Trump did sign commutations for former Mayor Kwame Kilpatrick of Detroit, a Democrat serving a 28-year term for corruption, and the rapper Kodak Black, who was doing nearly four years in prison on weapons charges. Another rapper, Lil Wayne, received a full pardon on the gun charge on which he was to face sentencing soon.

Among other notable grants: pardons for former Rep. Rick Renzi (R-Ariz.) and former Rep. Duke Cunningham (R-Calif.), both of whom had completed prison sentences; a commutation for professional gambler Billy Walters, who was sentenced to five years in prison for insider trading; and pardons for Fashion Cafe founder Tommaso Buti, who has never returned to New York to face fraud charges filed back in 2000, and D.C. developer Doug Jemal, who was convicted of wire fraud in 2006.

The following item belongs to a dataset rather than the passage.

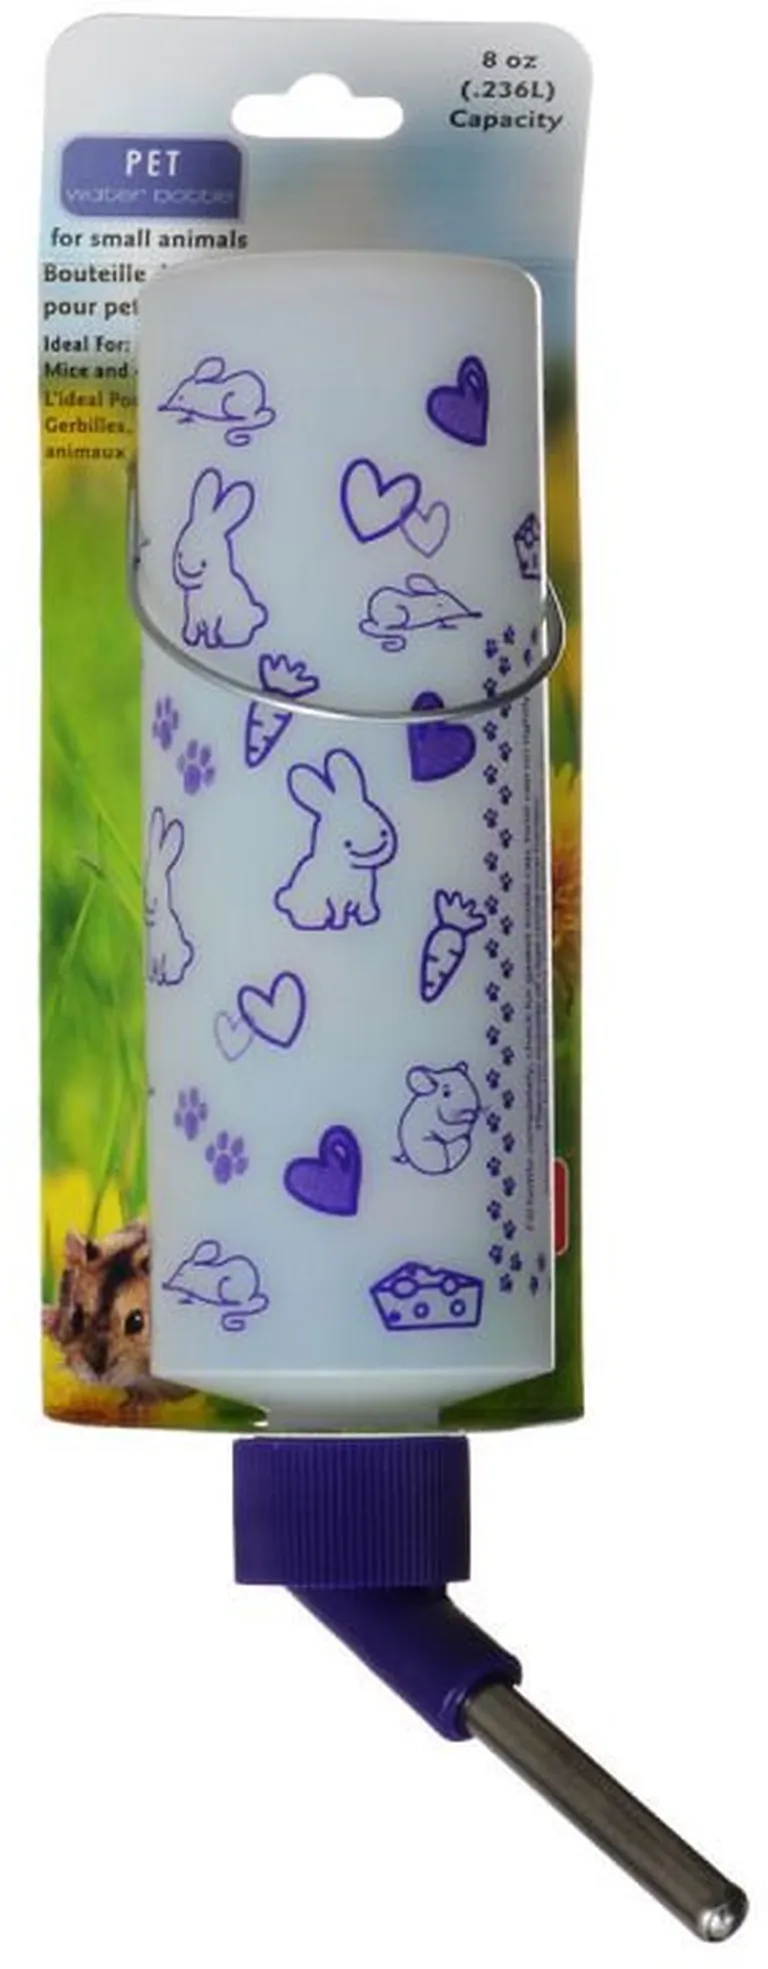 Lixit Pet Water Bottle for Small Animals Photo 1

Trump also granted an outright pardon to Bob Zangrillo, a Miami developer awaiting trial on charges stemming from the Varsity Blues investigation into bribery and fraud in the college admissions process. He allegedly paid $250,000 to have his daughter falsely designated as a competitive crew recruit at the University of Southern California.

Zangrillo’s “daughter did not have others take standardized tests for her and she is currently earning a 3.9 GPA” at USC, the White House’s explanation of the pardon said.

Trump also rewarded some of his congressional allies who joined his challenges to the 2020 election, like Sen. Tommy Tuberville (R-Ala.). The newly elected senator sought and won a pardon for former Alabama state Rep. Ed Henry, who pleaded guilty to theft of government property last year. The president also pardoned Johnny Phillips, convicted in 2016 along with nine others, for perpetrating a $14 million Ponzi scheme.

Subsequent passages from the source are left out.